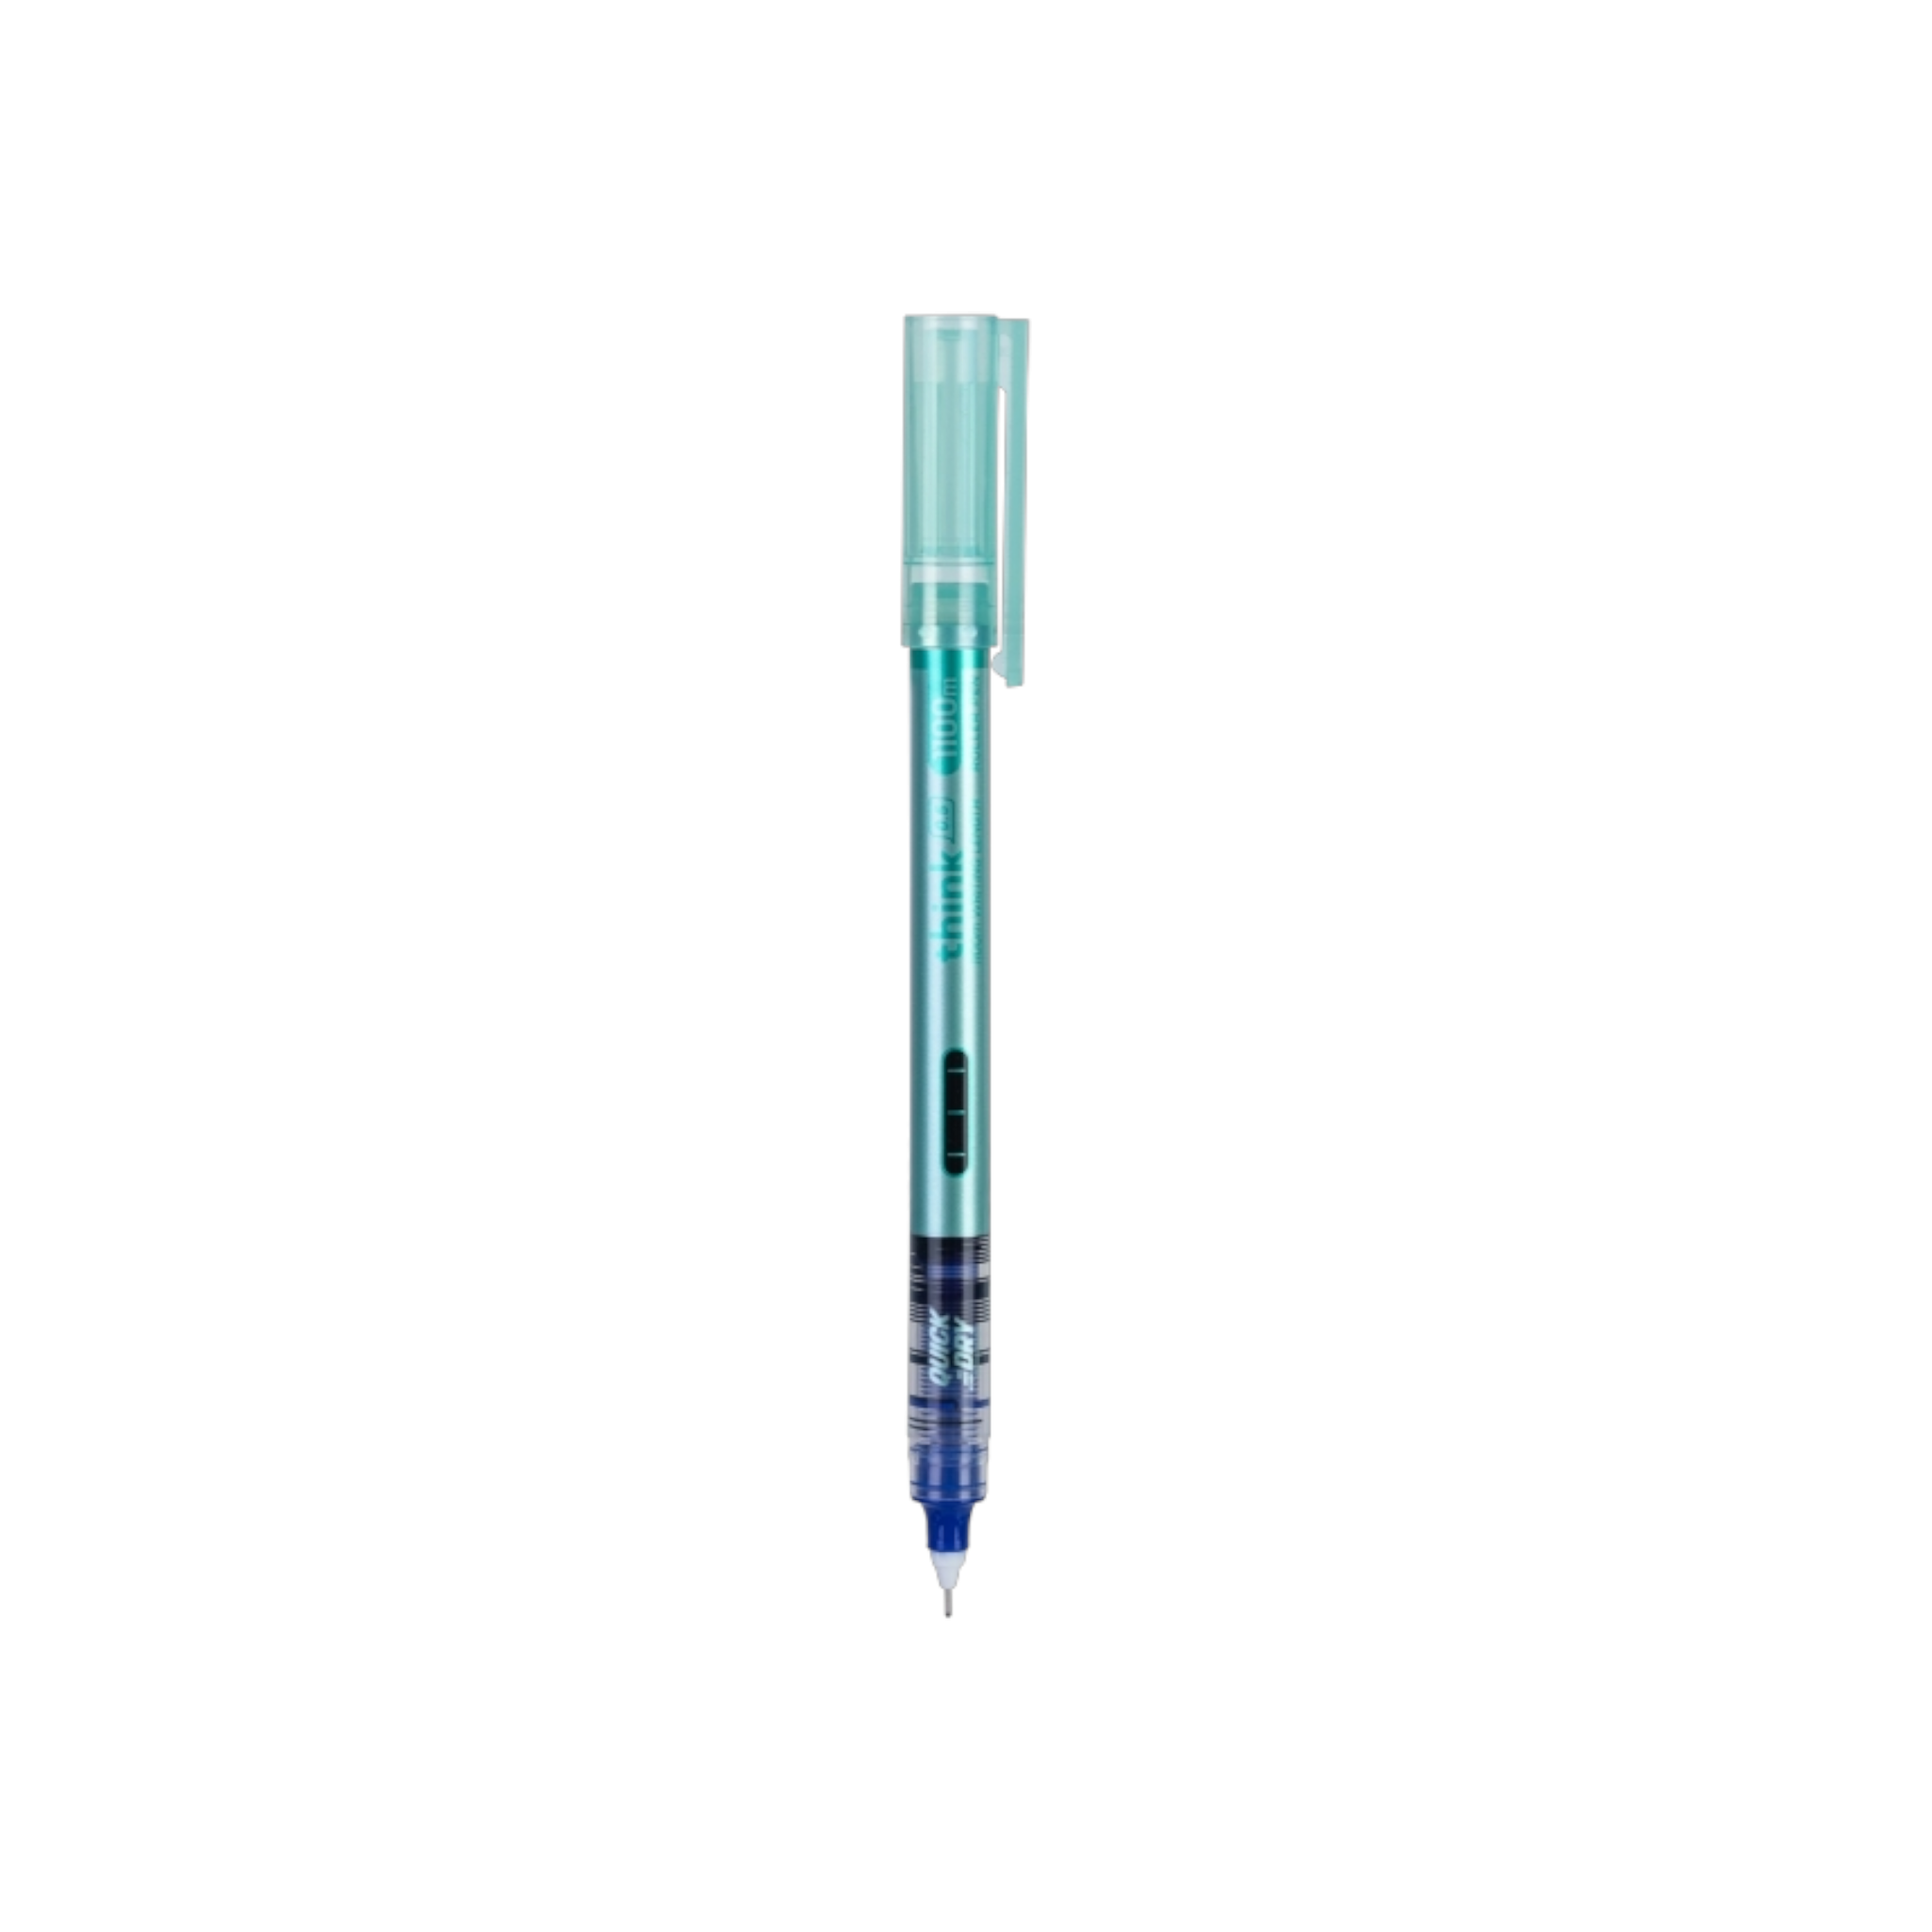 Deli Think Roller Pen Needle Tip 0.5mm Blue Ink
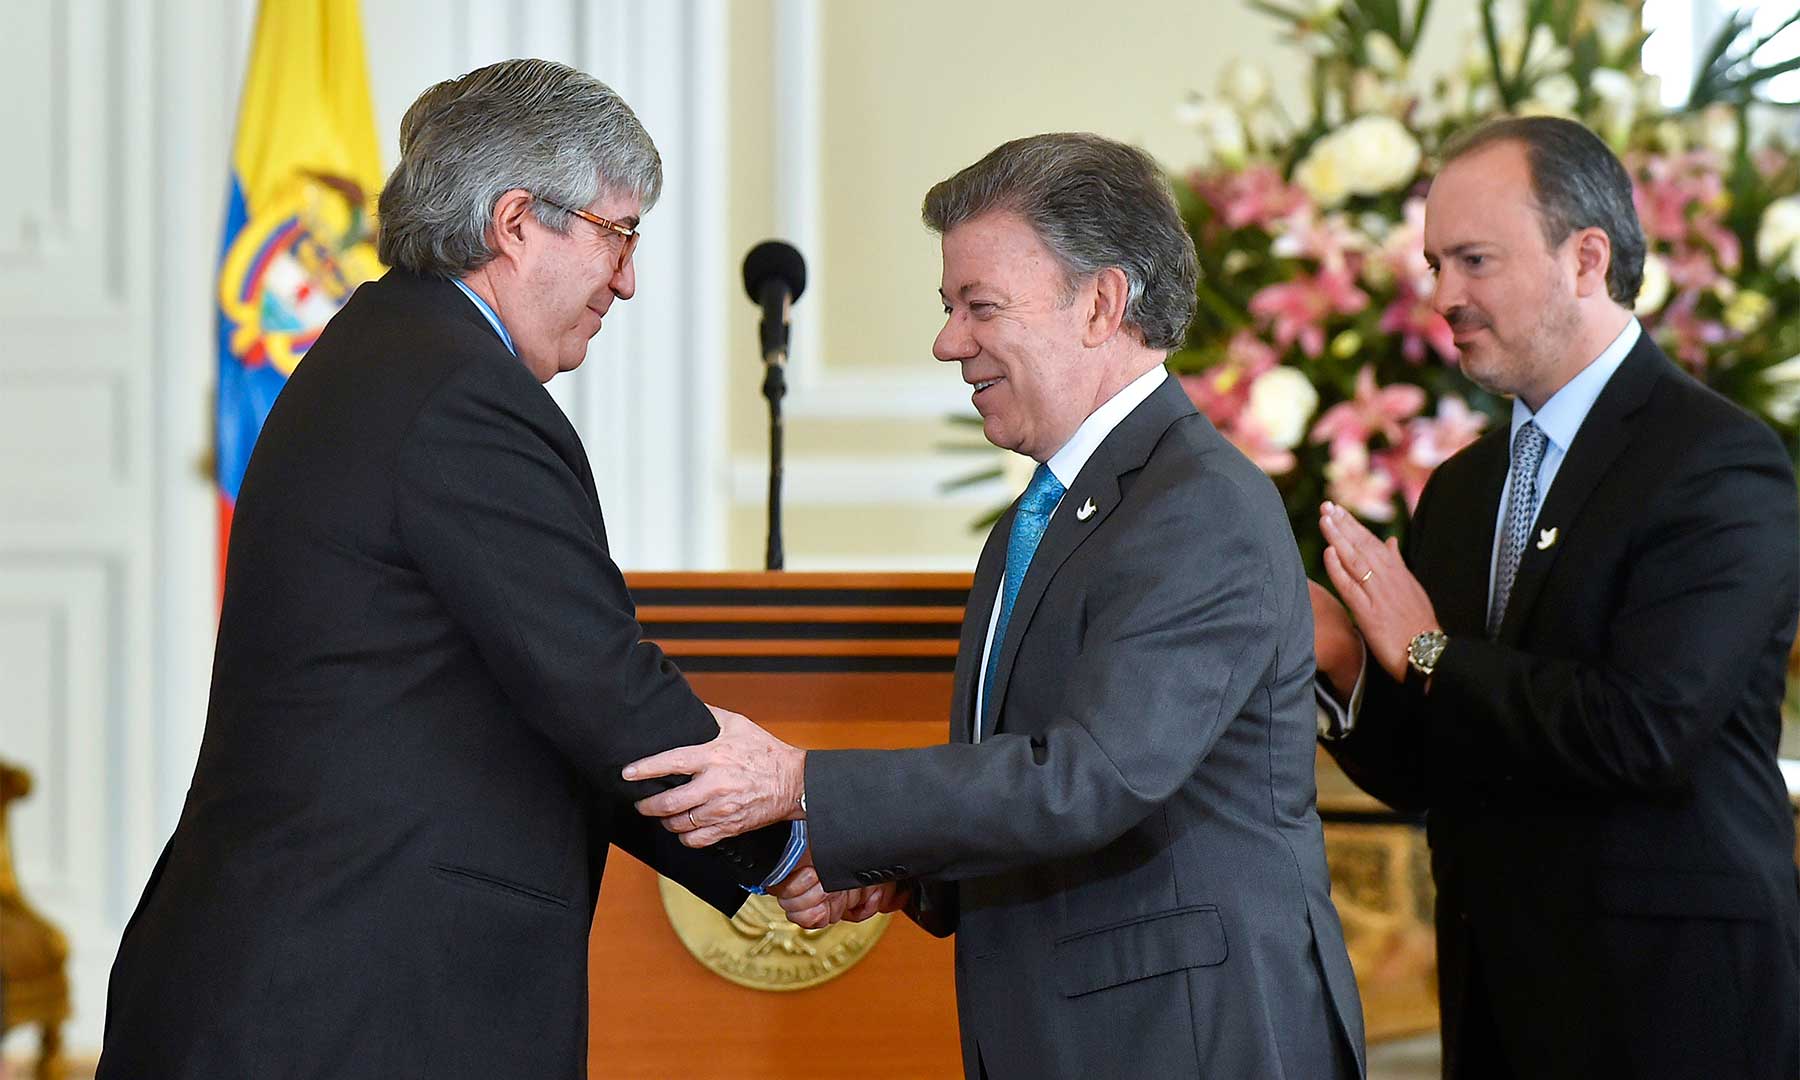 El Presidente Santos felicita en su posesión a Eduardo Díaz como nuevo Director para la Atención Integral de la Lucha contra las Drogas, con la misión de buscar estrategias efectivas en sustitución de cultivos ilícitos.
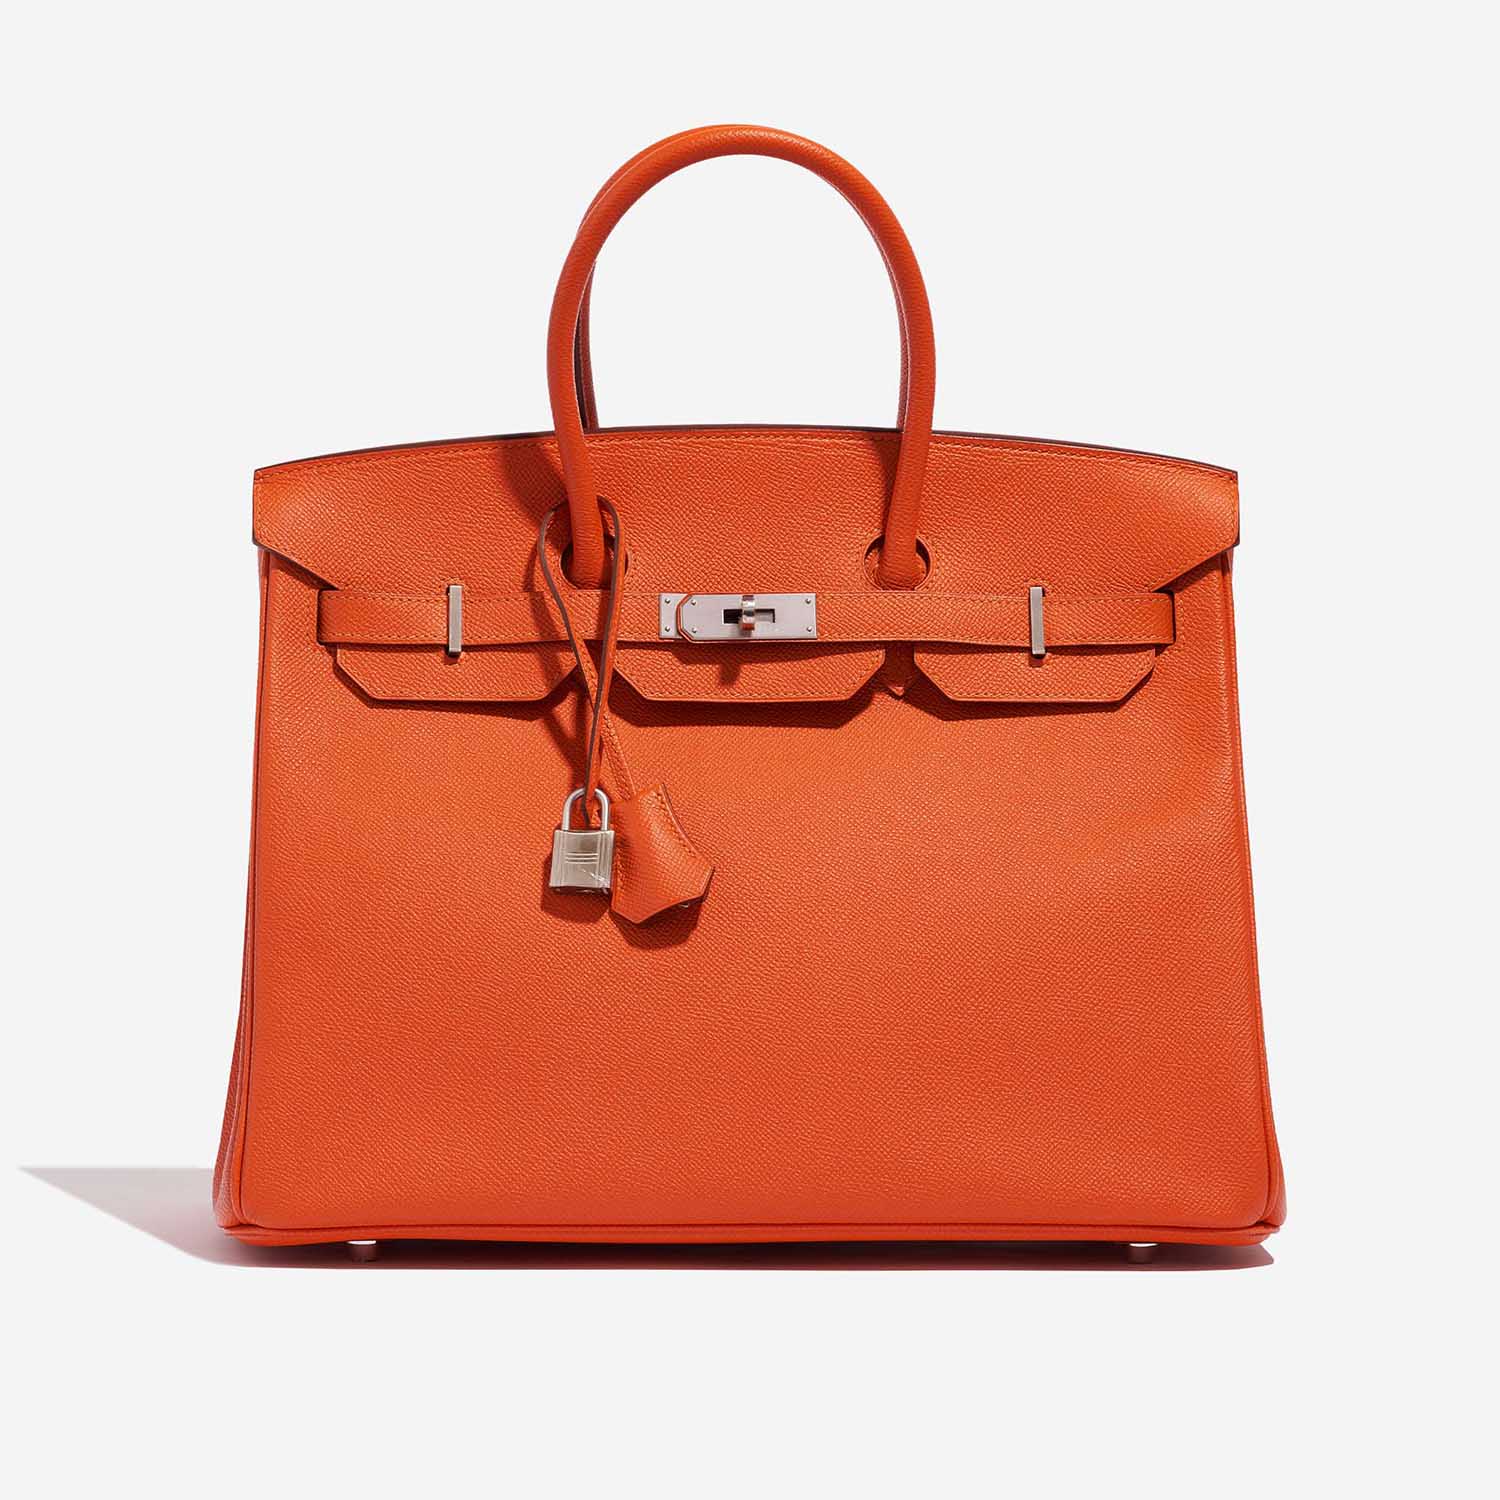 Hermès Birkin 35 Feu Front | Verkaufen Sie Ihre Designer-Tasche auf Saclab.com

- **What the task requires**
Take the listing above and retype it exactly. Its pictures are to be omitted.

- **Reply to the task**
 Deli Think Roller Pen Needle Tip 0.5mm Blue Ink
 El Presidente Santos felicita en su posesión a Eduardo Díaz como nuevo Director para la Atención Integral de la Lucha contra las Drogas, con la misión de buscar estrategias efectivas en sustitución de cultivos ilícitos.
 Hermès Birkin 35 Feu Front | Verkaufen Sie Ihre Designer-Tasche auf Saclab.com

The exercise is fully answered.